(Edmonton) Des chercheurs albertains cherchent à prévoir les risques liés à la prescription d’opioïdes grâce à l’intelligence artificielle.

Les médecins disposent déjà d’un protocole établi pour identifier les patients à risque de dépendance aux opioïdes. Mais le Dr Dean Eurich, directeur du programme d’épidémiologie clinique de l’Université de l’Alberta, pense que l’intelligence artificielle « pourrait faire un meilleur travail ».

Grâce à cet outil, les médecins pourraient prédire les effets d’un opioïde sur les patients et leur éviter des visites inutiles aux urgences ou même la mort dans les 30 jours suivant le début du traitement.

Le Dr Eurich est le chercheur principal d’un article publié en décembre dans le Journal of the Americain Medical Association Network, qui a analysé les données médicales de plus de 850 000 Albertains de manière anonyme et a prédit les meilleurs résultats pour les patients.

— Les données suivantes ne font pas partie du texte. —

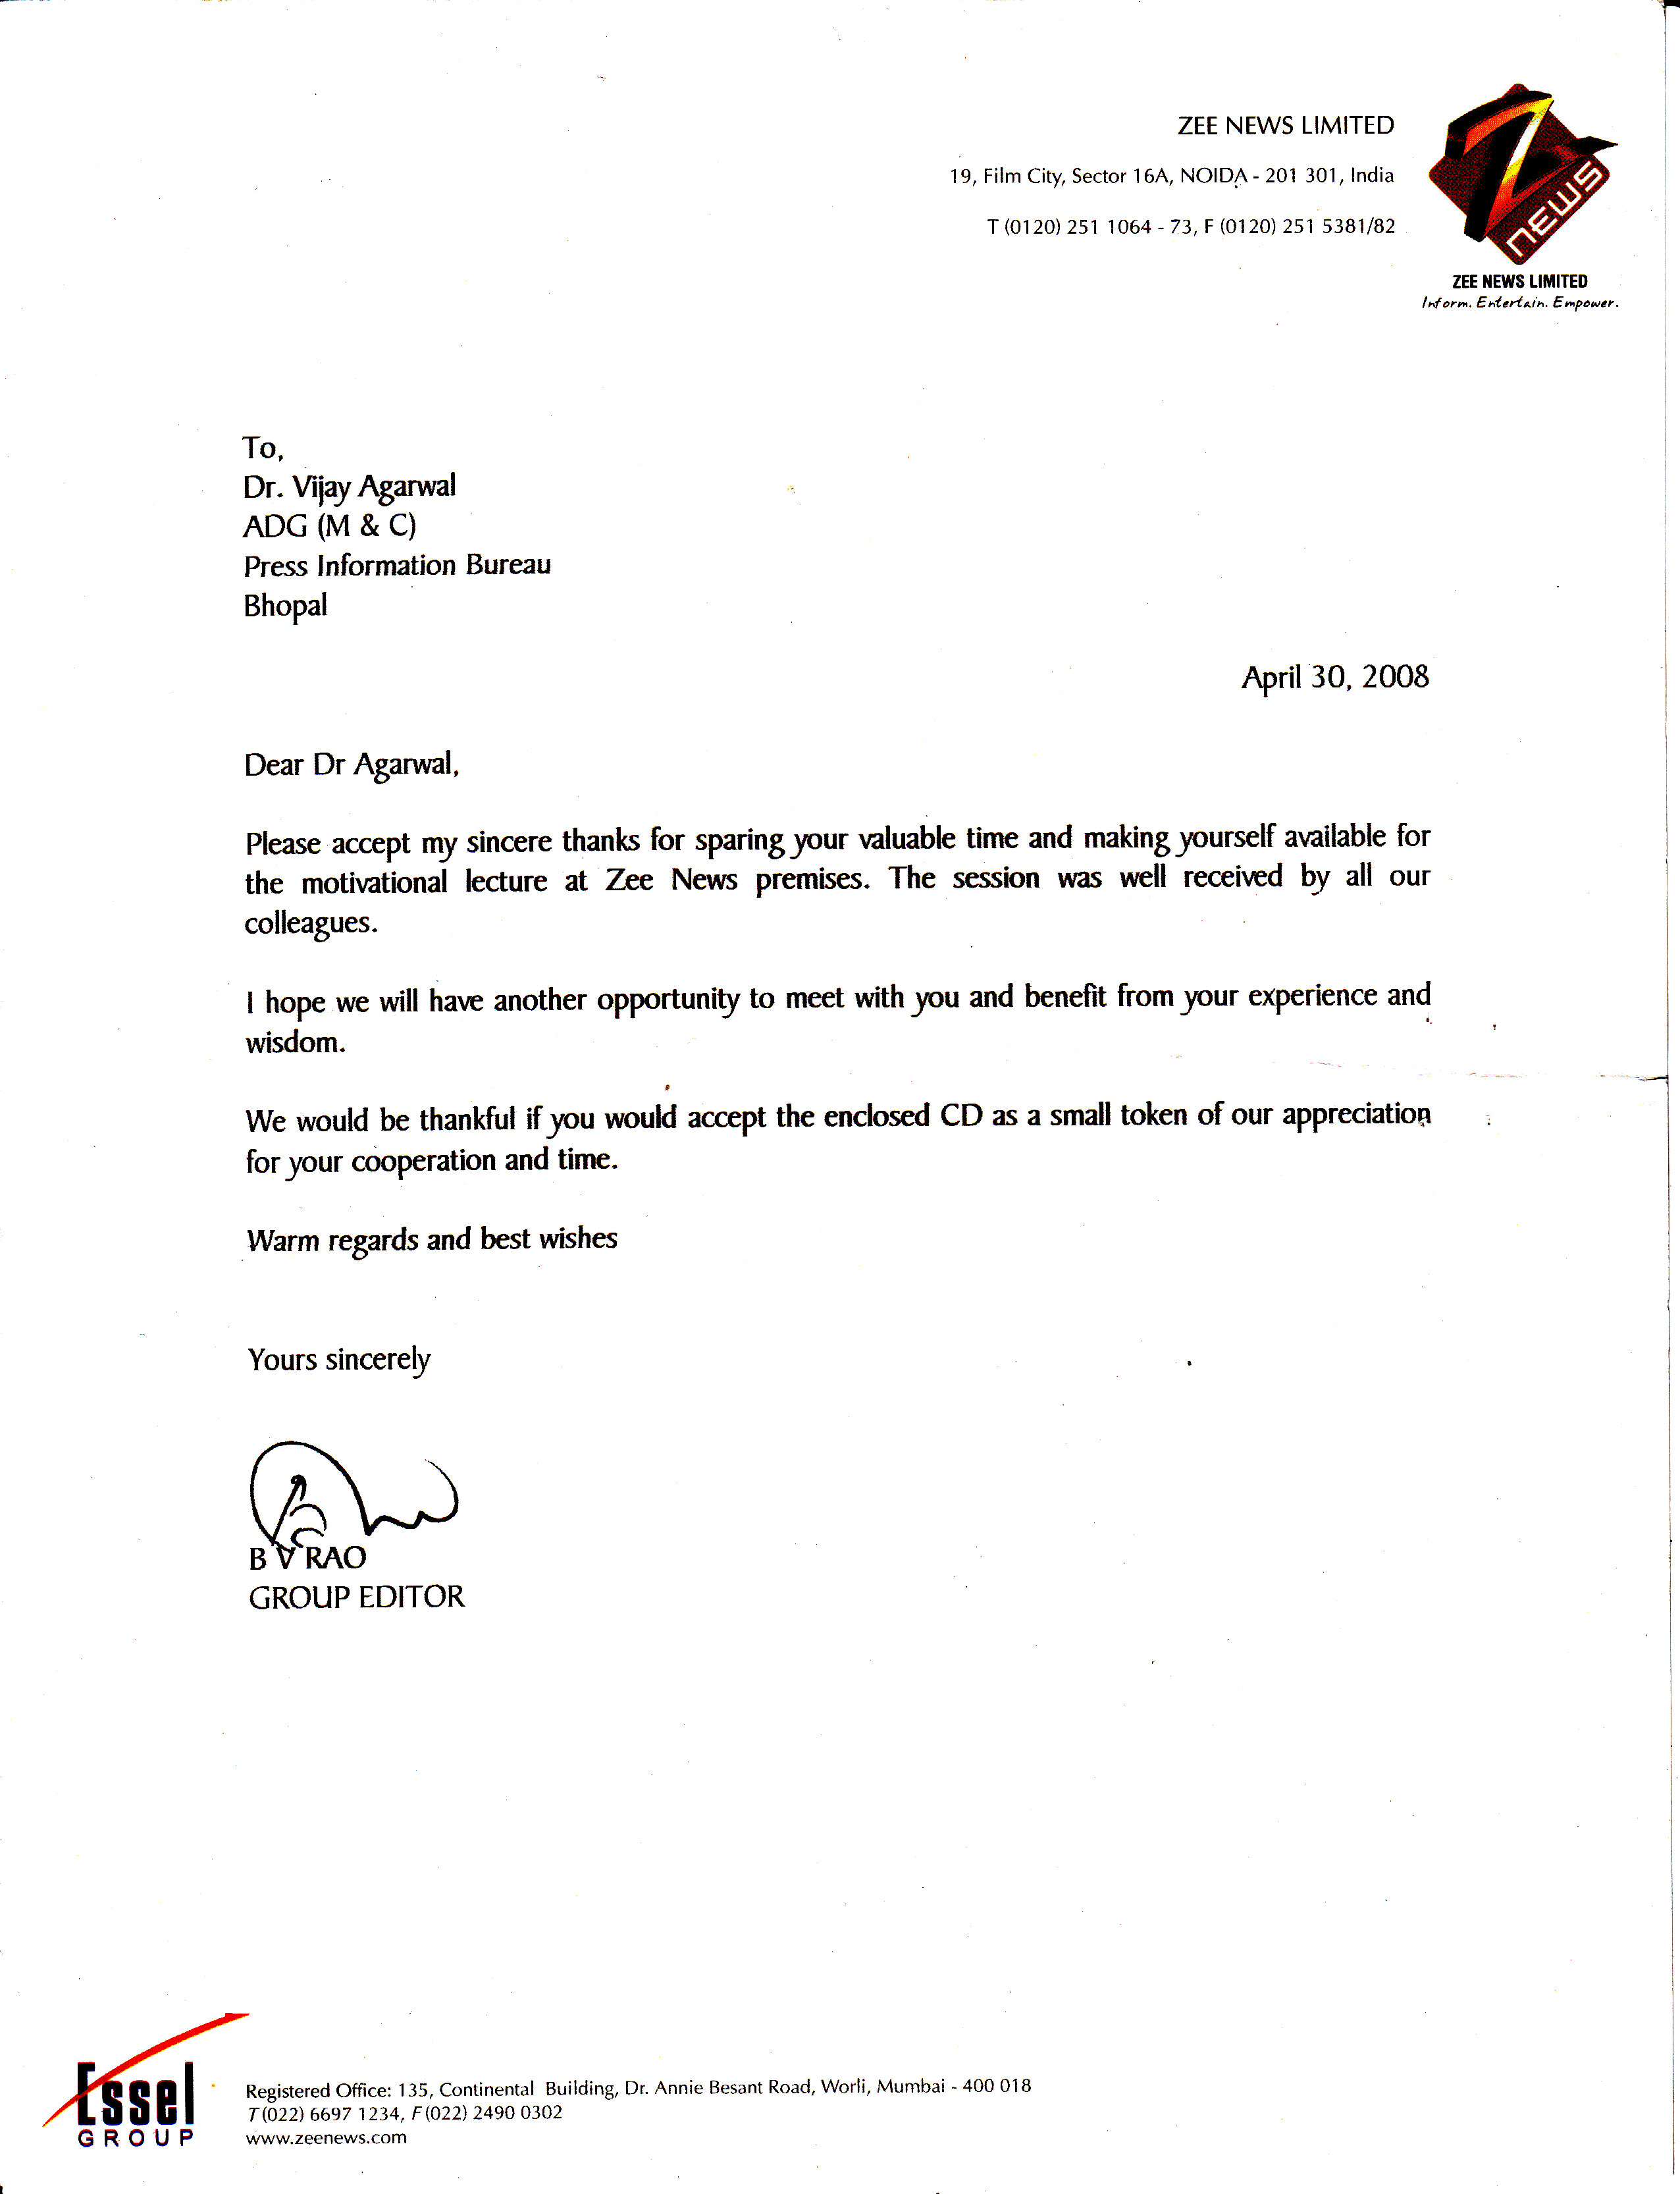 Letter from Zee News Ltd.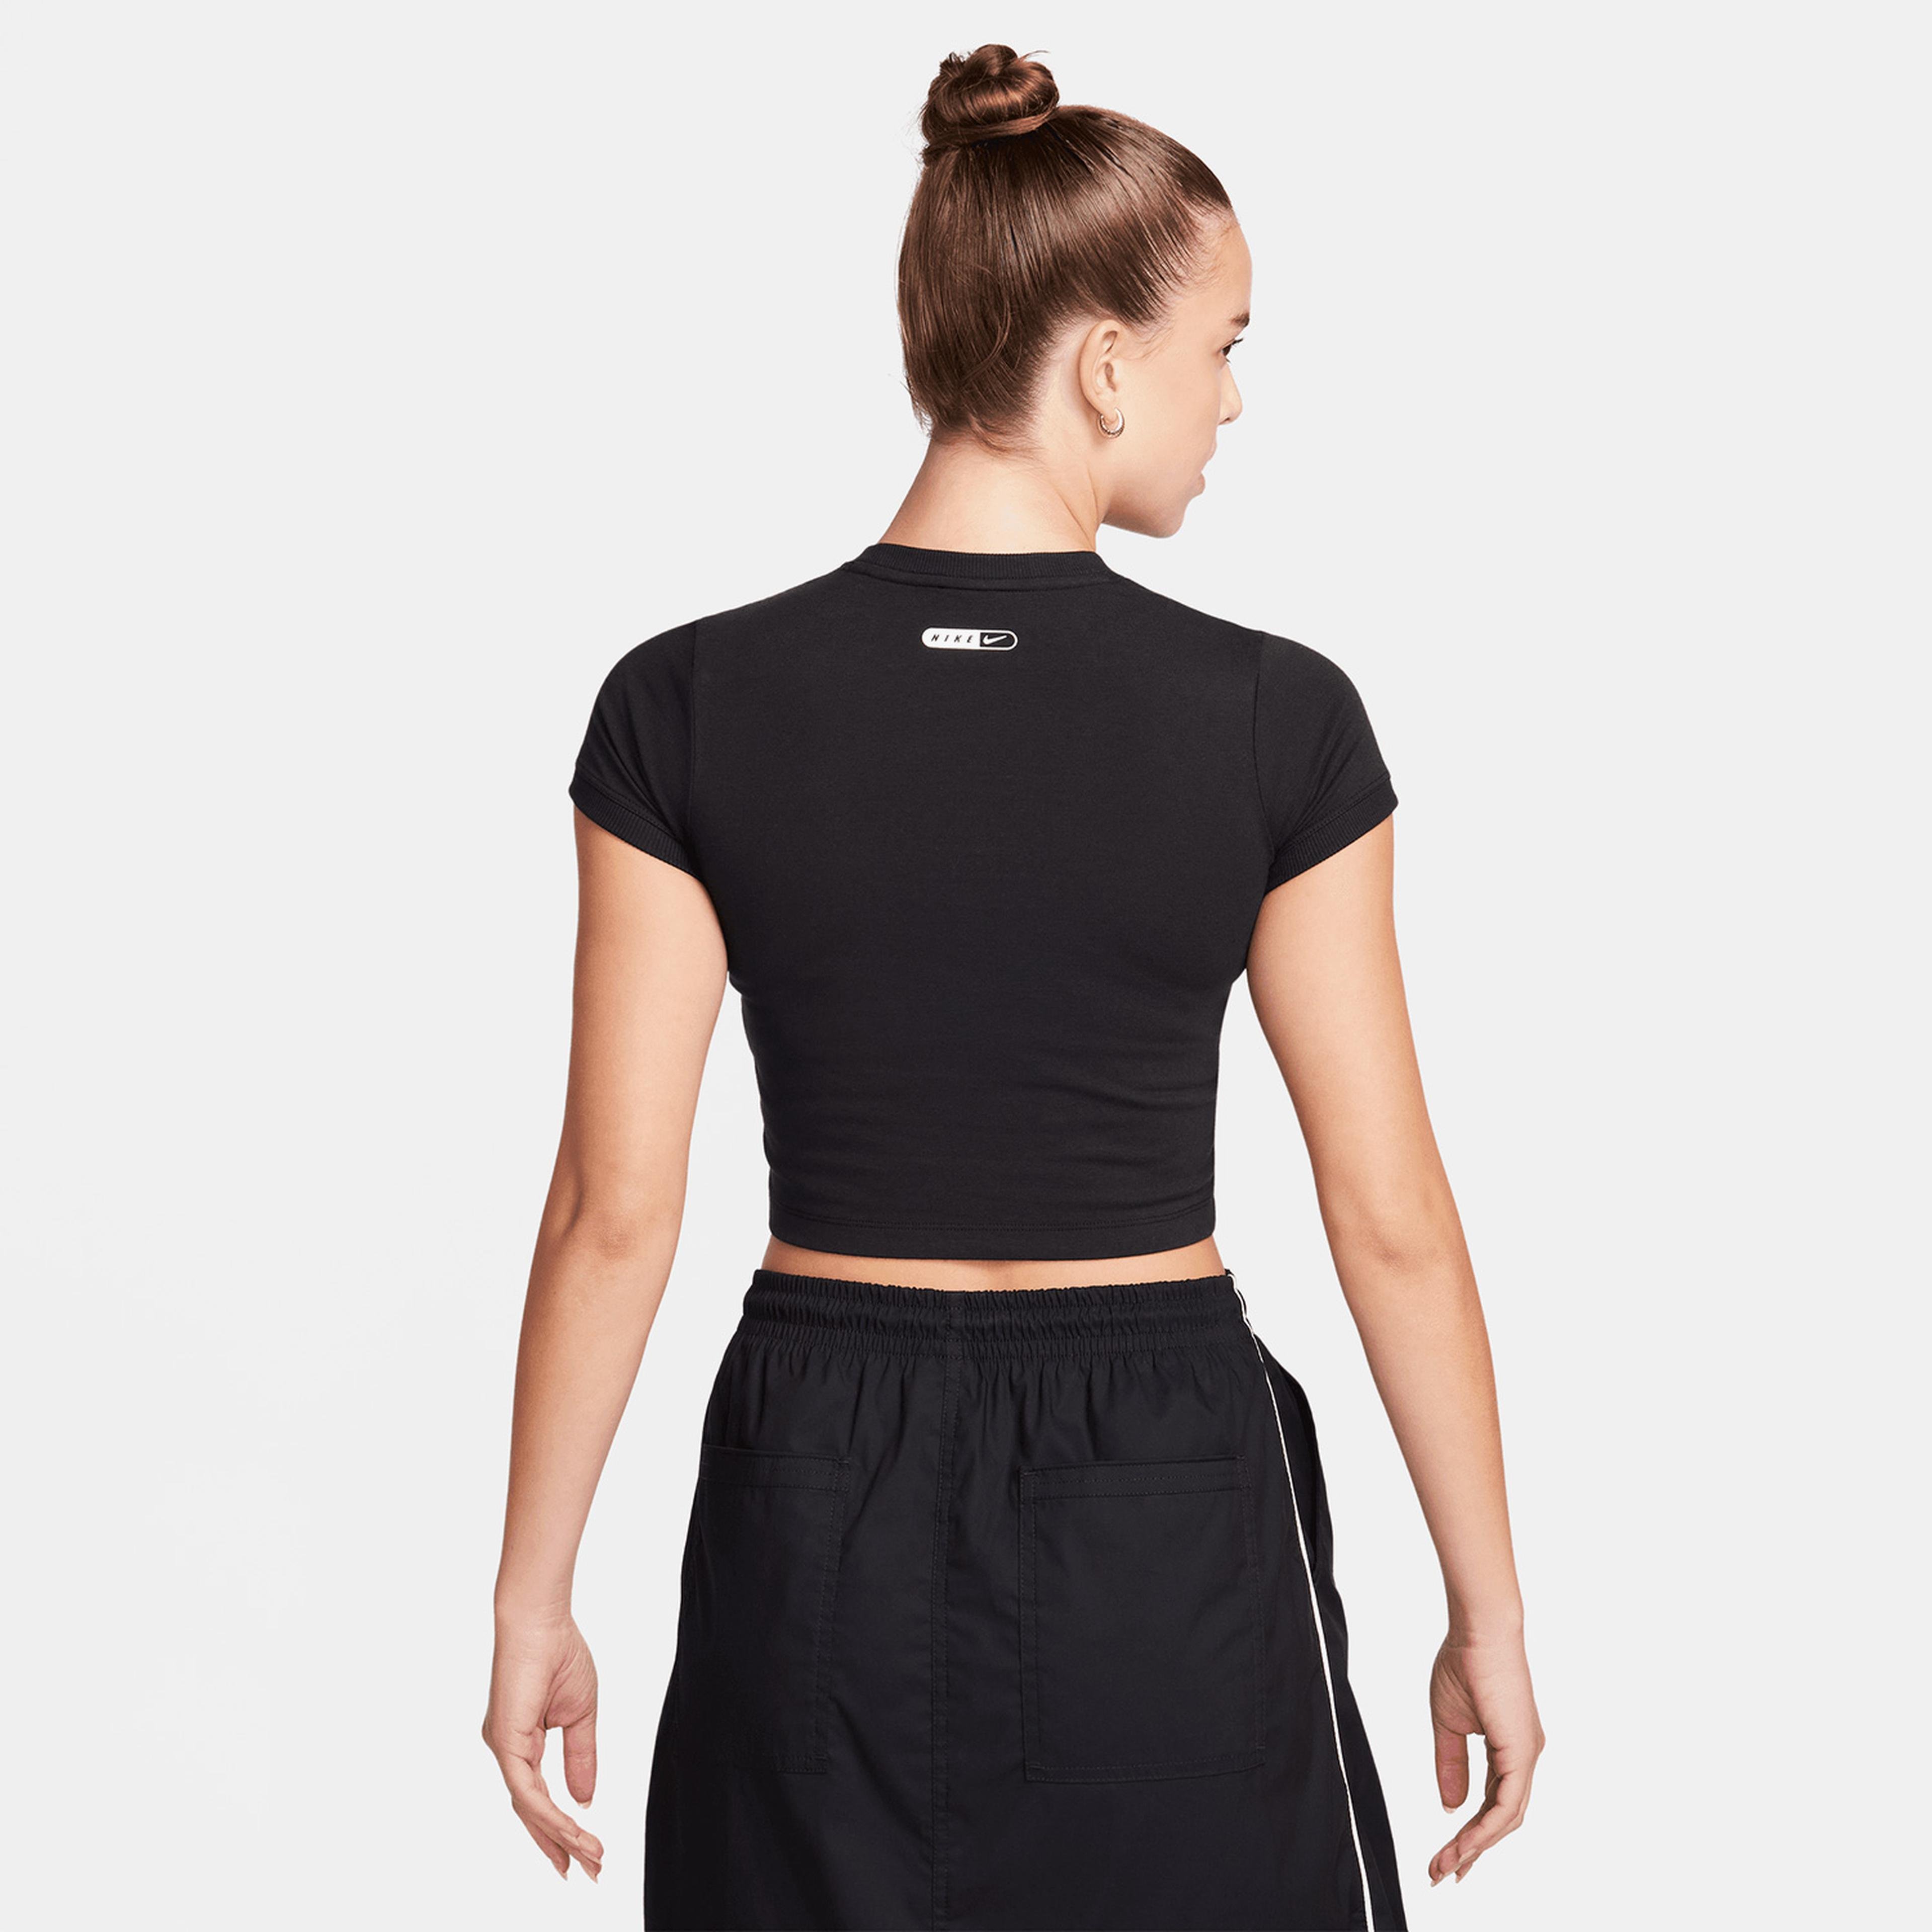 Nike Sportswear Kadın Siyah T-Shirt

La Dre Fizza Gilani du Collège des médecins et chirurgiens de l’Alberta a affirmé que l’apprentissage des machines pourrait être un moyen efficace de réduire les hospitalisations et la morbidité des patients.

Parfois, a-t-elle ajouté, les méthodes actuelles ne prédisent pas les origines du risque et les solutions médicales pourraient être plus compliquées que de juste réduire la dose d’opioïdes d’un patient.

L’algorithme a été alimenté avec des données liées à divers facteurs de santé pour déterminer les risques pour un patient, notamment les antécédents de blessure, d’obésité, de dépression, de diabète et de psychose. Celles-ci ont été combinées avec des diagnostics, des visites en centres hospitaliers et des informations concernant notamment le lieu de résidence du patient.

« L’idée n’est pas d’amener les médecins à cesser de prescrire des opioïdes, mais de minimiser le risque après l’exposition aux opioïdes », a soutenu la Dre Gilani.

Les chercheurs ont examiné environ trois millions d’ordonnances d’opioïdes par an de divers professionnels de la santé ― médecins, infirmières praticiennes, dentistes ― à plus de 600 000 patients albertains. Ceux qui avaient un cancer ou recevaient des soins palliatifs ont été exclus.

Le Dr Eurich a noté que 20 % des patients prenaient des opioïdes avec d’autres médicaments à haut risque, « augmentant le risque d’effets indésirables ».

Le Dr Eurich, qui travaille avec l’intelligence artificielle depuis plus de trois ans, a déclaré que le système peut « prédire correctement pour quatre patients sur cinq » qui est à haut risque et court plus de chances d’être hospitalisé dans les 30 premiers jours suivant la prescription du médicament.

La cofondatrice de l’organisme Moms Stop the Harm, Petra Schulz, a de son côté fait valoir que la plupart des décès liés aux opioïdes dans la province sont dus aux drogues illicites et non aux prescriptions.

« Ce type d’intelligence artificielle pourrait limiter l’accès aux solutions plus sûres, craint-elle. C’est comme si vous faisiez un travail de détective et que vous vouliez comprendre ce qui ne va pas pour le patient au lieu de développer une relation de confiance médecin-patient, qui permet au patient de parler ouvertement. »

La Dre Gilani était d’accord avec l’observation de Mme Schulz sur la crise des opioïdes, mais a rappelé qu’il existe un « lien indirect » entre une foule de facteurs introduits dans le système d’intelligence artificielle et que l’outil pourrait aider à réduire ces décès en se basant sur les données.

Selon le Dr Eurich, une « bonne partie » des conséquences négatives liées aux opioïdes n’est pas alimentée par les drogues illicites, mais par l’utilisation d’ordonnances ― en particulier au début.

Il a expliqué que les patients continuent d’être exposés aux opioïdes pour traiter la douleur et finissent par utiliser le système de santé pour « magasiner leur médecin et obtenir des quantités massives d’opioïdes ».

Il a ajouté que son système fournirait « une bonne continuité des soins » même lorsque les patients changent de médecin.